Drinking And Droning Now Illegal In Japan

Japan recently made it illegal to drink alcohol and operate a drone, or drink and drone. The country has seen a huge increase in the use of remote operated aircraft and coming with that is an increase in drunken operators. In mid-June the country’s parliament passed a law making it illegal to operate a drone while drunk with penalties of up to ¥300,000 (about $2,700) and a year in prison if convicted. The parliament also took the opportunity to place restrictions on where drones can be flown and dangerous activities with a drone.

What About The US?

Of course drones are popular here in the US as well. At Nicely Done Sites we have a few of them to use for photography projects and just to play around with. Of course we abide by all regulations when operating them, whether they be local, state or federal. So, is it legal to drink alcohol here in the US and operate a drone?

No, it isn’t.

The FAA has nipped this one in the bud, at least for commercial drone operators. By operating a drone (ie manipulating the flight controls) the operator is considered to be a crew member. FAA regulations state that no crew member may operate an aircraft within 8 hours of the consumption of alcohol or while under the influence of alcohol or drugs.

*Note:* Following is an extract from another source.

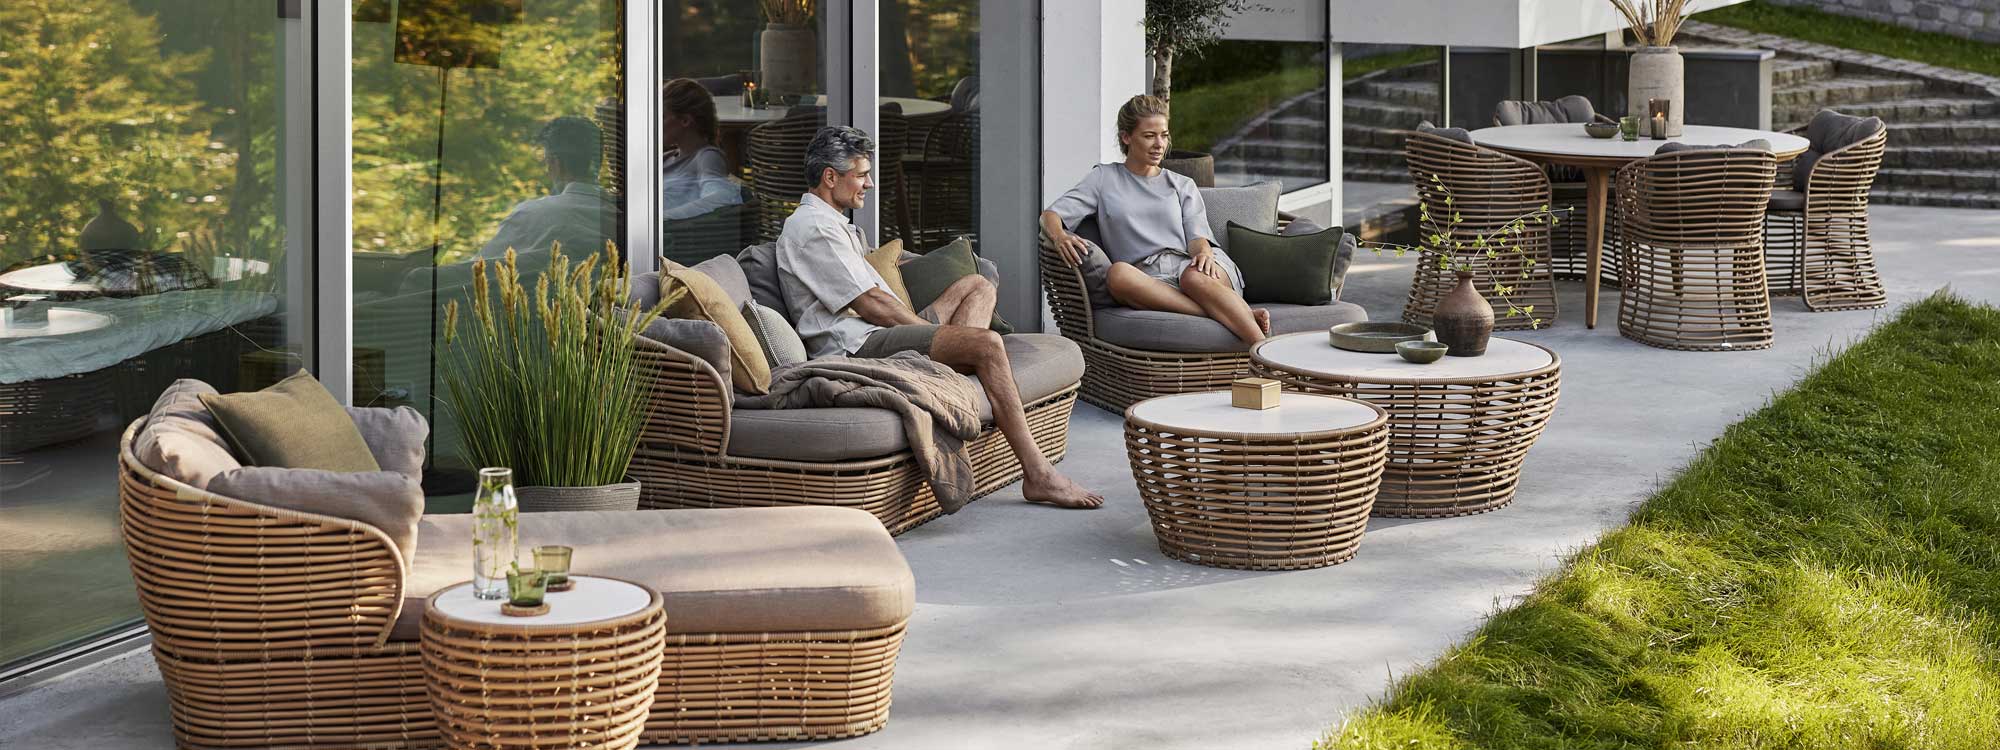 Basket cane garden sofa is modern outdoor lounge furniture in high quality garden furniture materials by Cane-line designer rattan furniture

But What About Recreational Drones?

But what about a recreational drone operator? Could they drink and drone? It is a bit hazier there since operating a drone under the influence of alcohol is not expressly prohibited but like with many parts of modern law there are gray areas. The main part prevents people from operating a model aircraft (i.e. a drone) in a manner that endangers the safety of the national airspace system. What penalties a person would receive would be up to the FAA Inspector.

The aircraft also is required to also be operated within community-based safety guidelines and drinking and droning is expressly prohibited by nearly all (if not all) model clubs and communities. So, while not expressly prohibited it is prohibited. In some states it is expressly prohibited so it is best to not do it.

Just like with operating a car while drunk (or texting) an operator’s reflexes are slowed. Recreational drones can flow at up to 75 mph and some racing models can exceed 100 mph. That does not give a lot of reaction time should an issue arise or since alcohol can reduce inhibitions it may lead to pushing the limits of what an operator should do. This can bring unwelcome attention to the operator and can only make the situation worse, leading to other serious criminal charges.

So when in doubt, don’t drink and drone. And don’t let your friends do it either.